そこで収集側の基本原則がデータ最小化です。フォーム設計の手順は、1. 利用目的を先に確定する(体験入部の連絡・調整) → 2. その目的に本当に必要な項目だけを洗い出す(氏名・クラス・希望日) → 3. 「あれば便利かも」程度の項目は削る(住所・電話番号・家族構成は体験入部に不要) → 4. 何のために集めるかを回答者に明示する、となります。これは個人情報保護法の考え方(利用目的の特定・必要な範囲での取得)にも沿った設計です。
誤答の共通点は「目的と収集の順序が逆転している」ことです。「後で役立つかもしれないから集める」「集めてから使い道を考える」は、目的のないデータを抱え込み、漏えいしたときの被害だけを積み増します。項目数の多さはフォームの立派さとも無関係です。「集めなかった情報は漏れようがない」— 保有しないことが最強のセキュリティ、という逆転の発想を覚えておきましょう。

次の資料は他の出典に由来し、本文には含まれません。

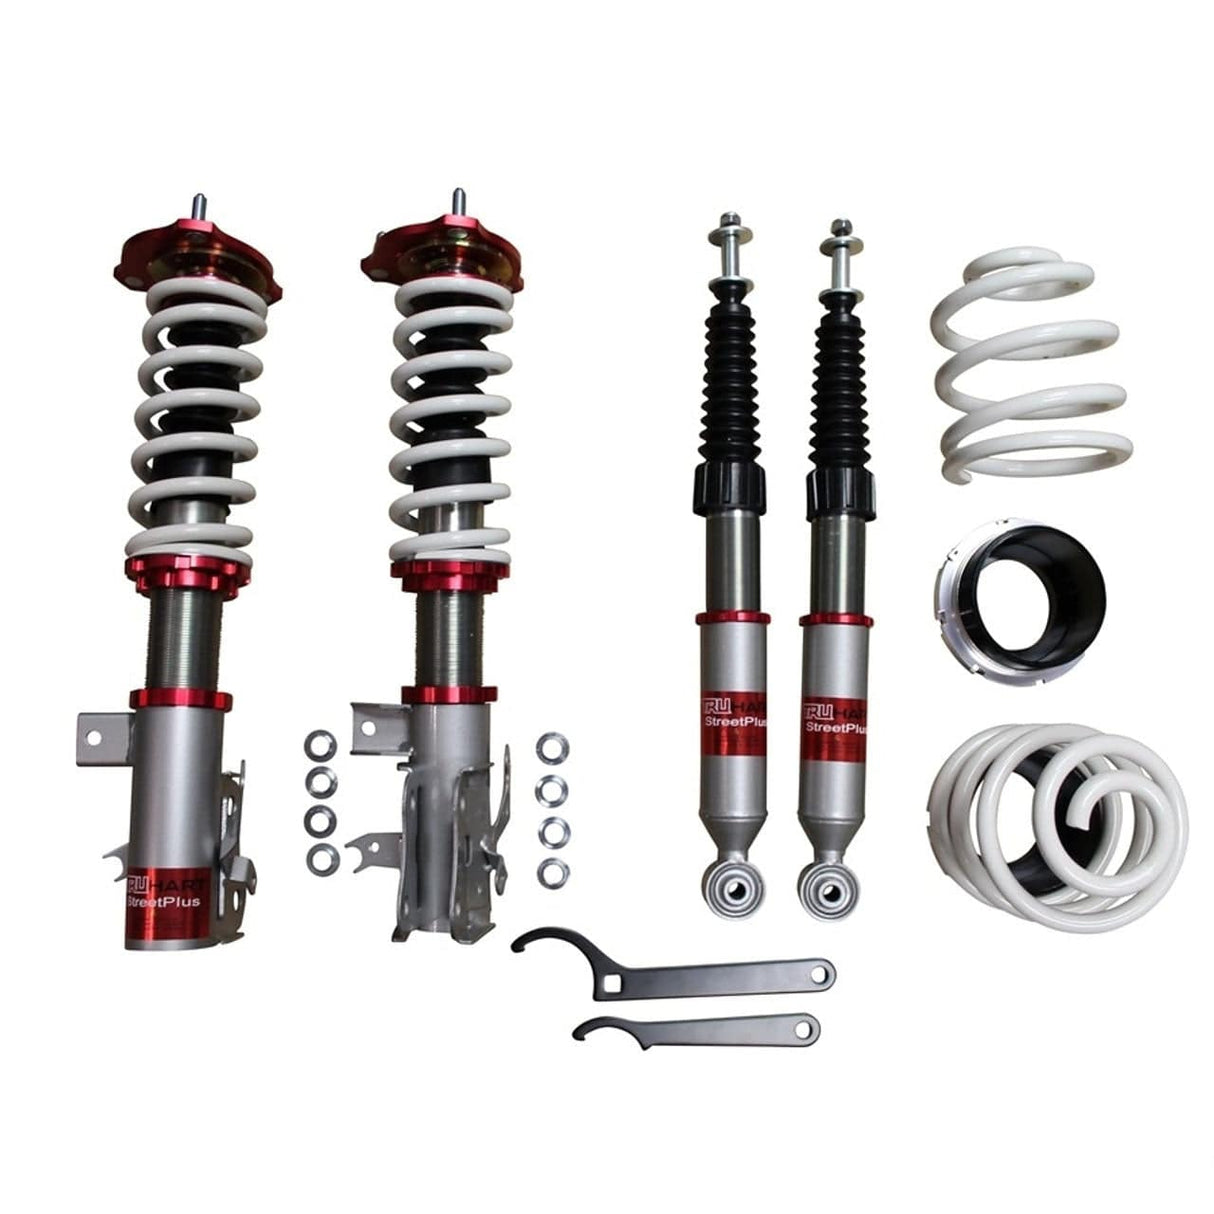 TruHart StreetPlus Coilovers for 2012-2013 Honda Civic Si

共通テストでは、アンケートやフォームの設計場面で「適切な収集の姿勢」を問う形が想定されます。「目的が先、収集は最小限」が正解の型です。
選択肢の確認
1.○ 目的に必要な最小限の項目にとどめる、データ最小化の原則どおりの設計。
2.× 「念のため収集」は目的のないデータを抱え、漏えいリスクを積み増すだけ。
3.× 項目数とフォームの質は無関係。多いほど管理の負担とリスクが増える。
4.× 目的が先、収集が後。使い道の決まらない個人情報を集めてはいけない。
ここだけは覚えよう
集めなかった情報は漏れようがない — 目的を先に決め、必要最小限だけ集めるのが預かる側の責任。